Furthermore, AphB still acts as an activating element under low chloride levels. Notably, at acidic and neutral pH, the overall PhoA activities under low chloride were generally higher, compared with regular chloride in both strains tested: i.e., Vc_res1_TRIVET clcA::tpc and ∆aphB Vc_res1_TRIVET clcA::tpc, respectively (Fig. 4 C and D). This result suggests that clcA expression is activated under low chloride levels in addition to AphB by a currently unknown factor.

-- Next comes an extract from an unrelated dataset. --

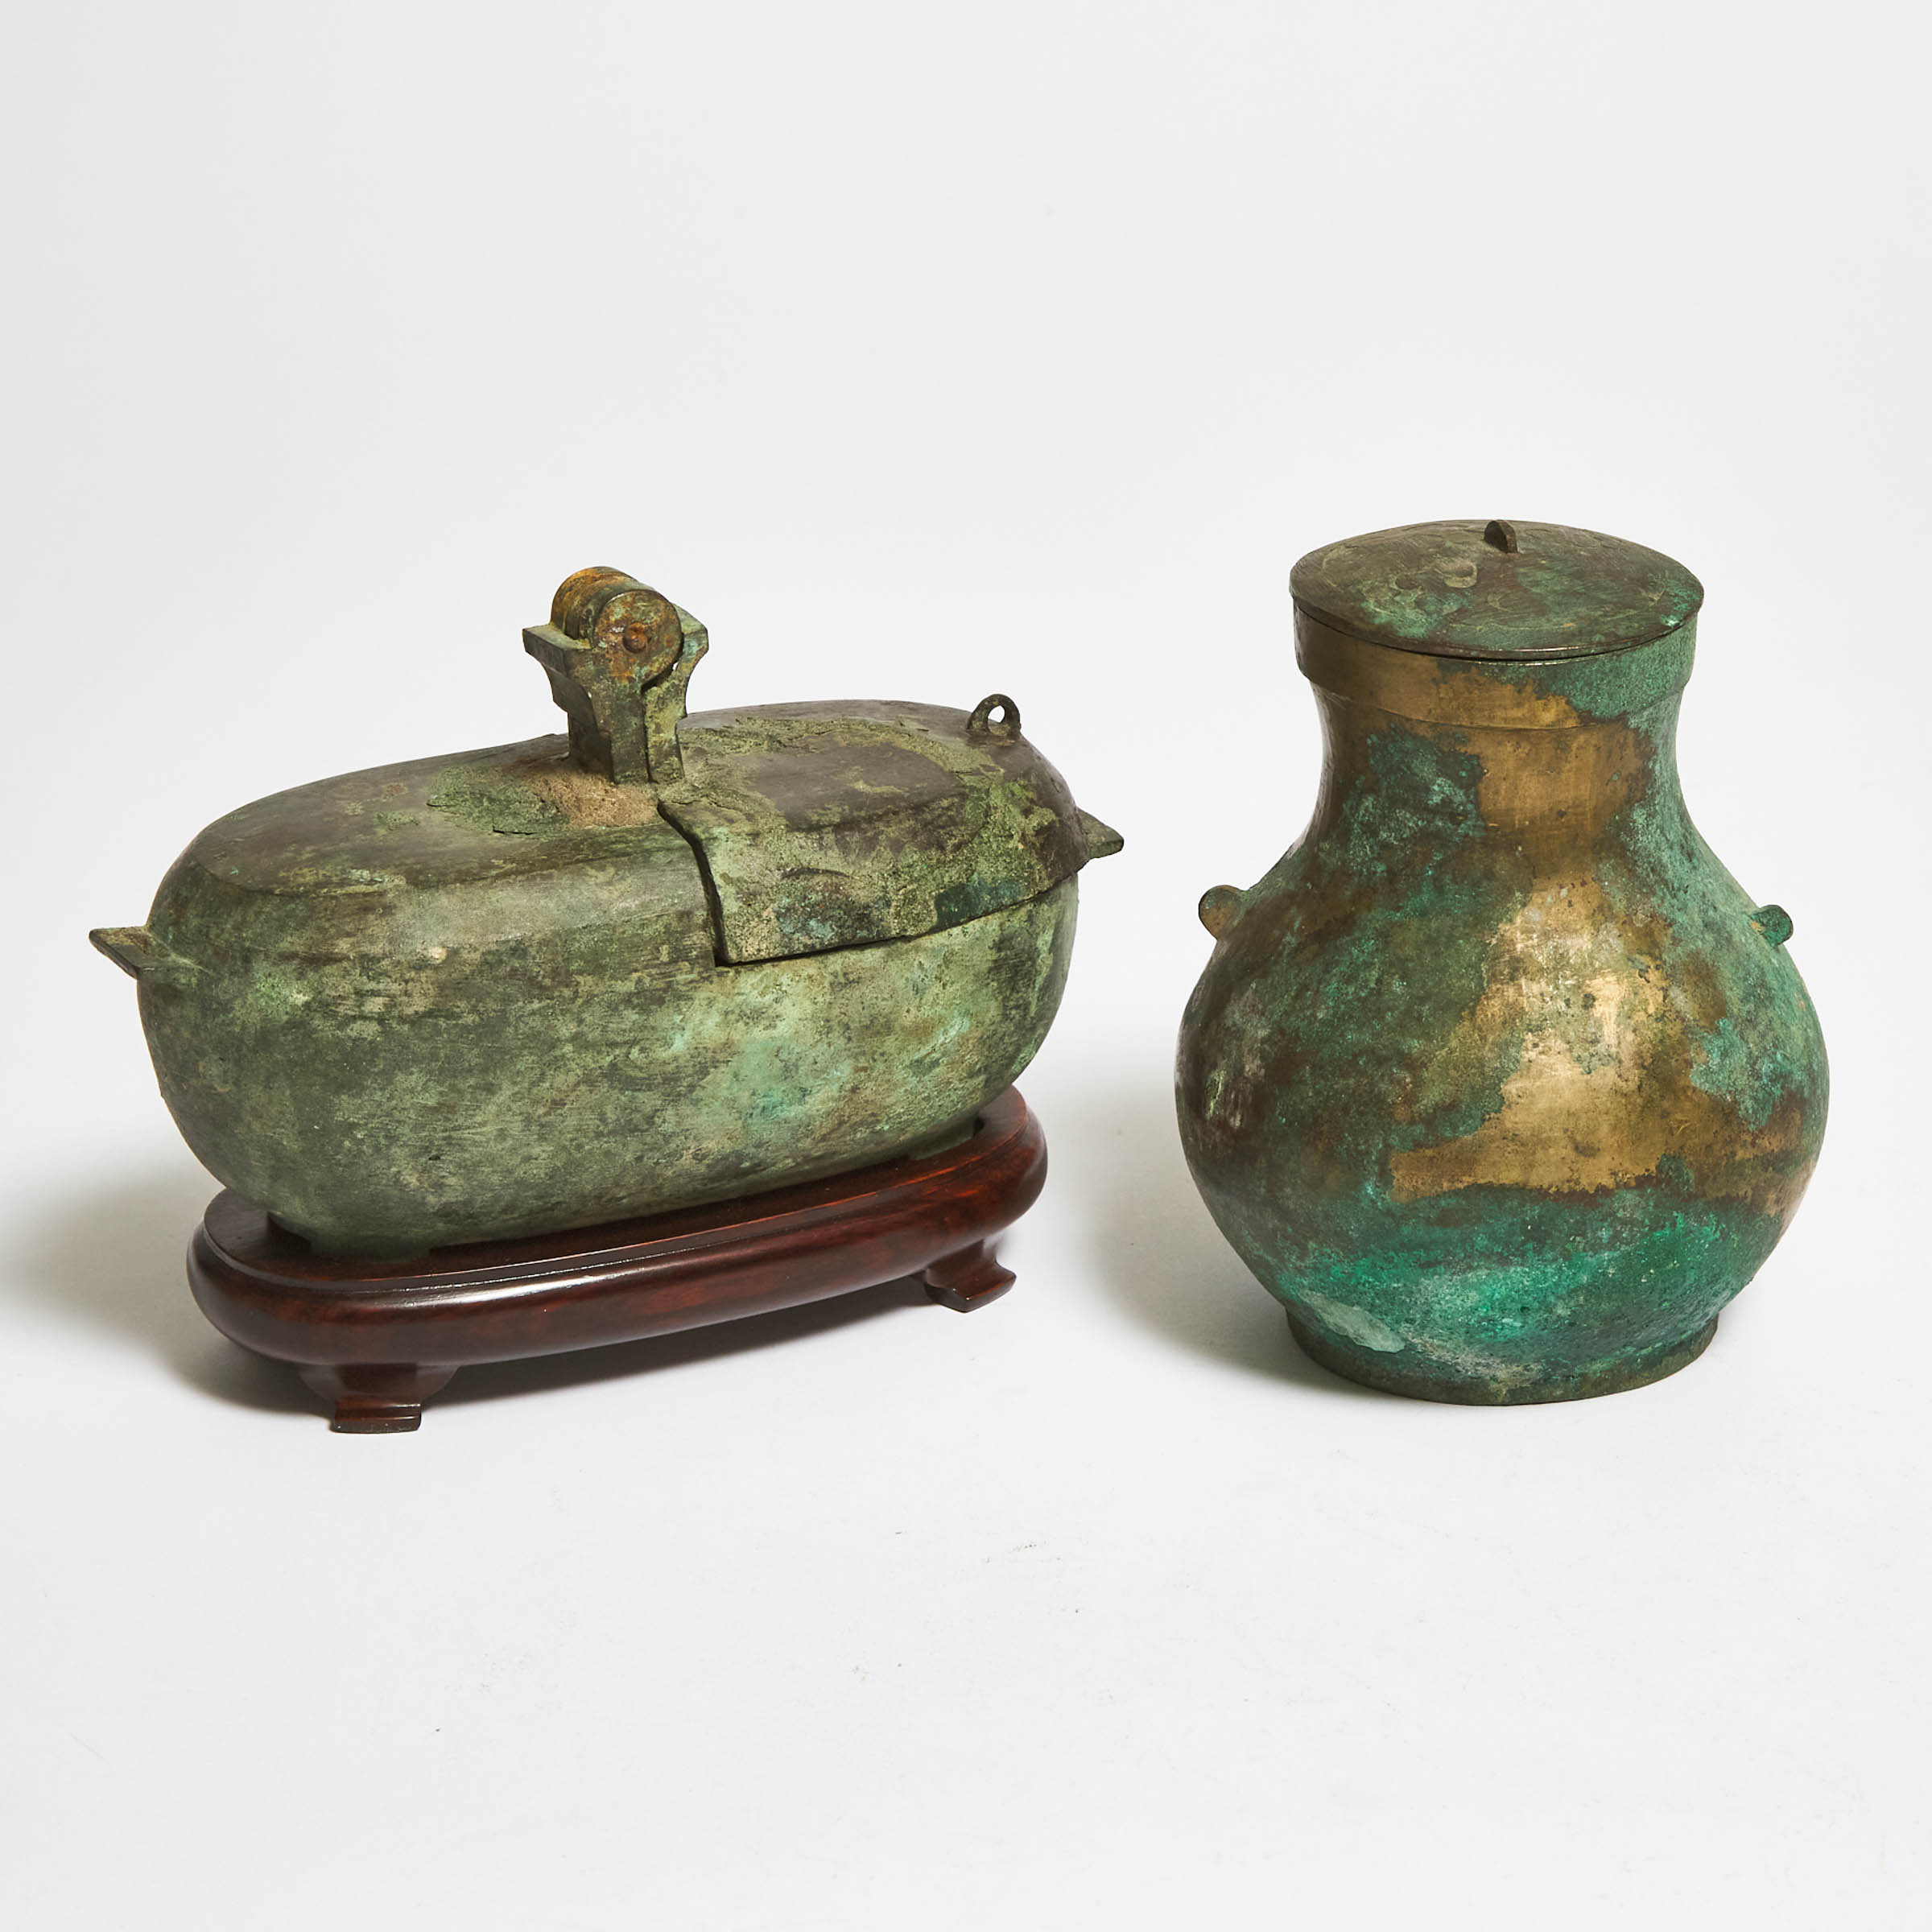 A Bronze Oil Lamp, Together With a Lidded Vase, Han Dynasty (206 BC-AD 220)

In summary, the results imply an AphB-dependent activation of clcA expression in acidic environments, as well as a chloride-dependent regulation resulting in high clcA expression at low chloride levels. Concordantly, ClcA is crucial for survival fitness of V. cholerae in the presence of chloride. Interestingly, under alkaline conditions, ClcA not only becomes dispensable, but its expression is even detrimental for survival fitness in the presence of chloride.

Discussion

A hallmark of the V. cholerae life cycle is the transition between the aquatic reservoir and the gastrointestinal tract of the human host. Both are complex environments with diverse niches and varying conditions. V. cholerae adapts to the diverse conditions presented during different aspects of its life cycle by changing the transcriptional profile. Therefore, V. cholerae encodes a large number of transcriptional regulators (157), two component systems [59 according to ref. 41], and complex signaling pathways (e.g., cAMP, c-di-GMP, or quorum sensing).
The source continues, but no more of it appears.